ES: Every single empire in its official discourse has said that it is not like all the others, that its circumstances are special, that it has a mission to enlighten, civilize, bring order and democracy, and that it uses force only as a last resort. And, sadder still, there always is a chorus of willing intellectuals to say calming words about benign or altruistic empires, as if one shouldn’t trust the evidence of one’s eyes watching the destruction and the misery and death brought by the latest mission civilizatrice. It is quite common to hear high officials in Washington and elsewhere speak of changing the map of the Middle East, as if ancient societies and myriad peoples can be shaken up like so many peanuts in a jar.

EG: Relativism does entail nihilism: if standards are inherently and inescapably expressions of something called culture, and can be nothing else, then no culture can be subjected to a standard, because (ex hypothesi) there cannot be a trans-cultural standard which would stand in judgement over it. No argument could be simpler or more conclusive. This mystique of consensual custom denies that anything can sit in judgment of our concepts, that some may be more rational and others less so. So all of them are in order and have nothing to fear from philosophy. This is a fairly mild form of irrationalism, invoking no fierce dark Gods, merely a consensual community. It is the Soft Porn of Irrationalism.

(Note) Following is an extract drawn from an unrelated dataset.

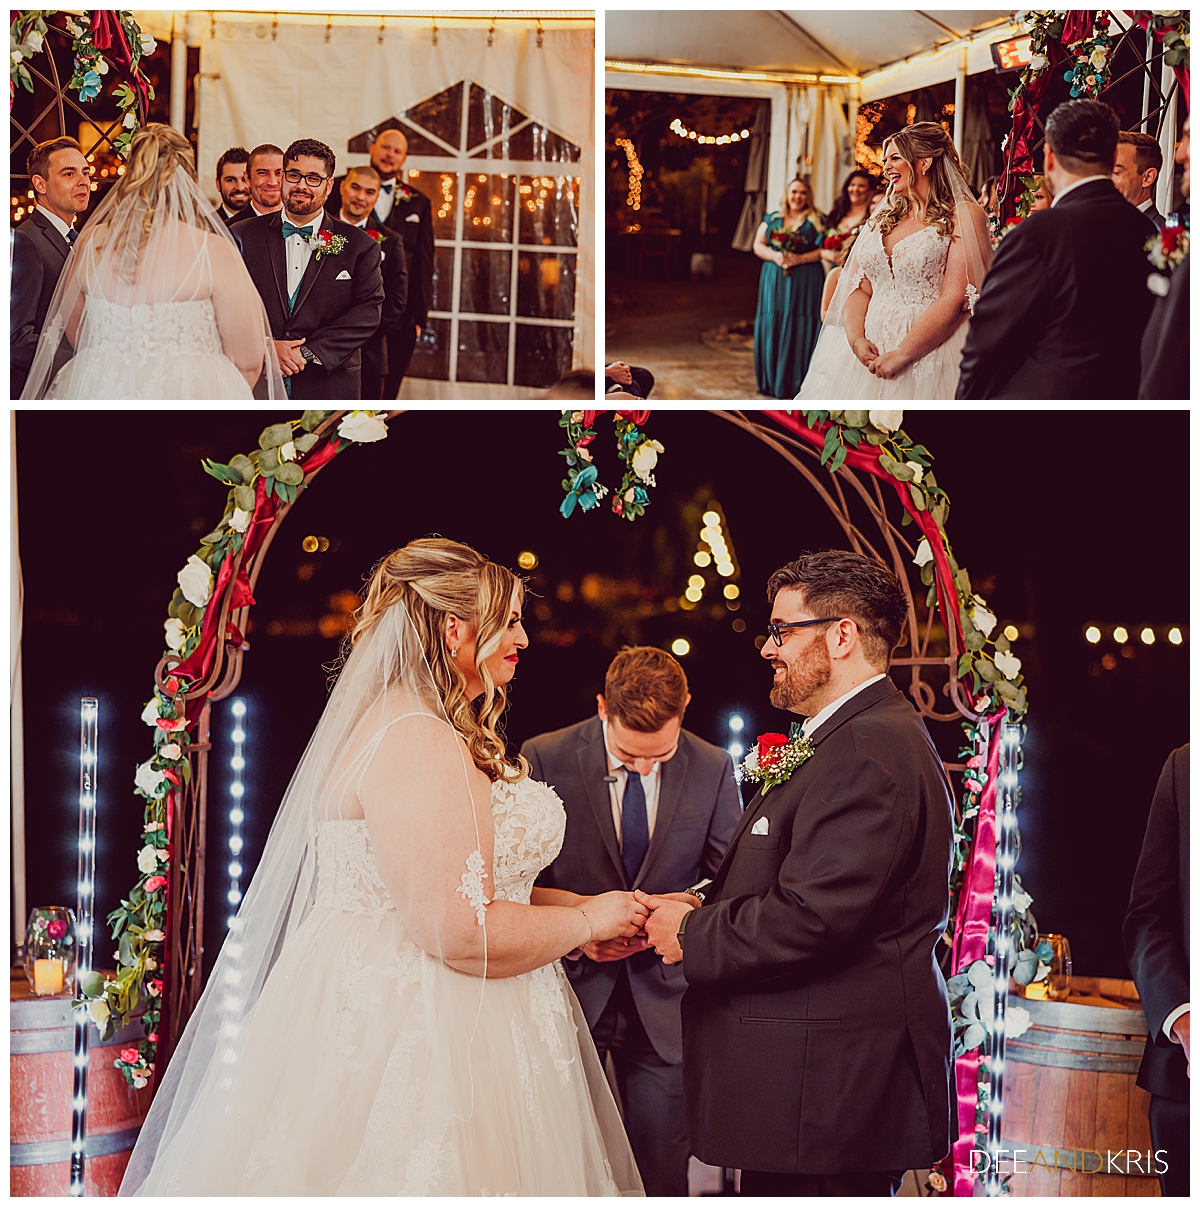 Three images: Top left image of groom saying vows with groomsmen watching behind him. Top right image of bride laughing as she looks at guests while saying vows. Bottom image of ring exchange.

They rush away into shadows. There is the dark hum of war in the distance.

A version of this was first published at 3ammagazine in June 2016 in the 'Brexit Ghosts' series of imagined conversations.

At the Ernest Gellner symposium, virtual Prague, May 2021 Thomas Hylland Eriksen (University of Oslo) presented a paper - below is the abstract. 

'Ernest Gellner made few friends among postcolonial scholars. This contribution examines his epistemology in relation to postcolonial studies, arguing that misunderstandings and other distortions prevented what could have been a fruitful dialogue. His view of knowledge, influenced to no small degree by Popper, can be made compatible with postcolonial studies, unlike what is the case with the later tendency of decolonial theory. 

By comparing major statements by Gellner and Edward Said, I argue that postcolonialism seeks to refine and reformulate the principles laid out in his theoretical work, rather than rejecting them. The key questions concern the possibility of cumulative knowledge, the validity of rationalist ideals in interpretive scholarship, the role of ideas in history and, mainly, the potential of postcolonial scholarship in realising the Enlightenment ideals to which Gellner subscribed.'

The completed paper, plus all the other papers presented at the symposium, are being collected into a future volume.